Whether S 16 of Hindu marriage Act grants illegitimate child right in ancestral coparcenary property?

 So far as Section 16 of the Act is concerned, though it was enacted to legitimate children, who would otherwise suffer by becoming illegitimate, at the same time it expressly provide in Sub-section (3) by engrafting a provision with a non obstante clause stipulating specifically that nothing contained in Sub-section (1) or Sub-section (2) shall be construed as conferring upon any child of a marriage, which is null and void or which is annulled by a decree of nullity under Section 12, "any rights in or to the property of any person, other than the parents, in any case where, but for the passing of this Act, such child would have been incapable of possessing or acquiring any such rights by reason of this not being the legitimate child of his parents," In the light of such an express mandate of the legislature itself there is no room for according upon such children who but for Section 16 would have been branded as illegitimate any further righter than envisaged therein by resorting to any presumptive or inferential process of reasoning, having recourse to the mere object or purpose of enacting Section 16 of the Act.
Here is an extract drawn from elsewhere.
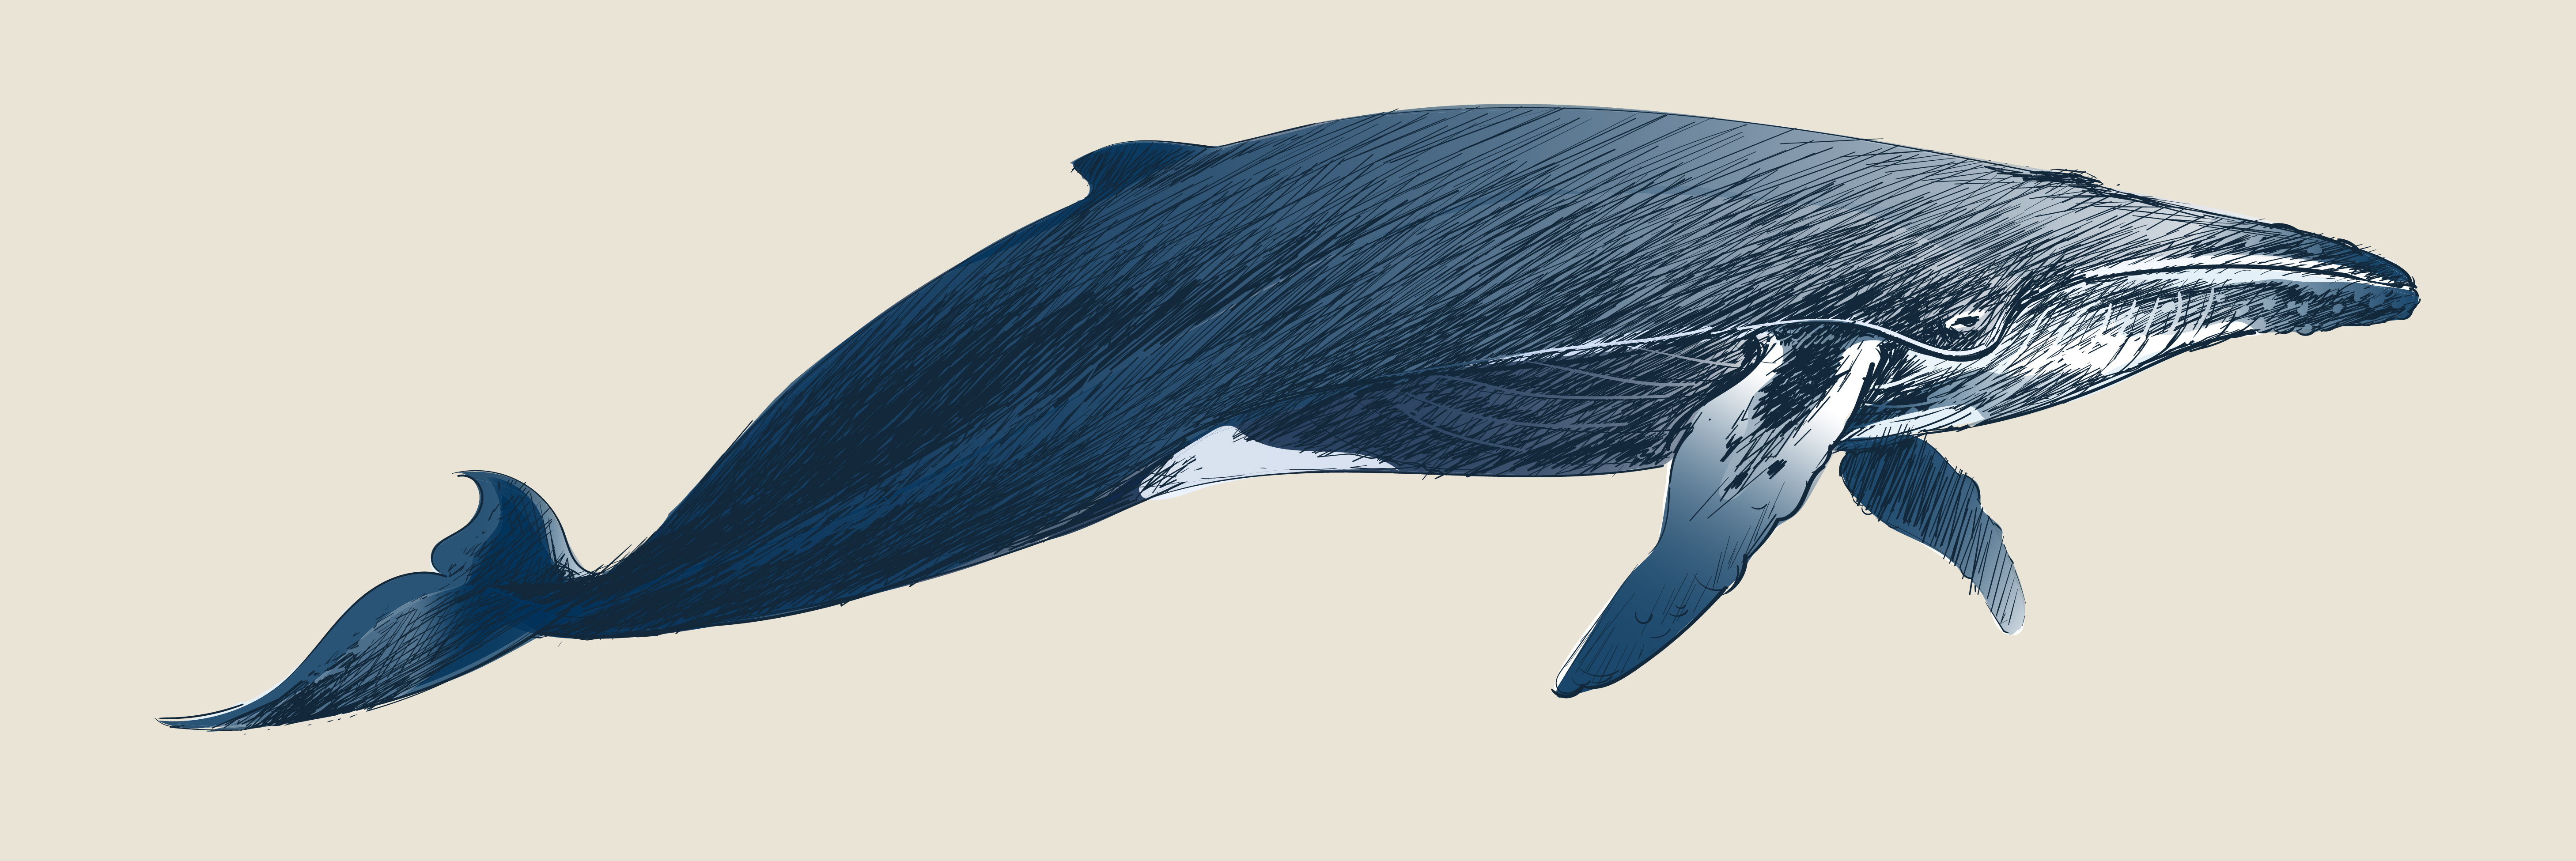 Humpback whale vintage drawing - Download Free Vectors, Clipart

Any attempt to do so would amount to doing not only violence to the provision specifically engrafted in Sub-section (3) of Section 16 of the Act but also would attempt to court deregulating on the subject under the guise of interpretation, against even the will expressed in the enactment itself. Consequently, we are unable to countenance the submissions on behalf of the appellants. The view taken by the courts below cannot be considered to suffer from any serious infirmity to call for our interference, in this appeal.

IN THE SUPREME COURT OF INDIA

Appeal (civil) 7247 of 1995

Decided On: 20.12.2002

 Jinia Keotin Vs.  Kumar Sitaram Manjhi and Ors.

Hon'ble Judges/Coram:
Doraiswamy Raju and Shivaraj V. Patil, JJ.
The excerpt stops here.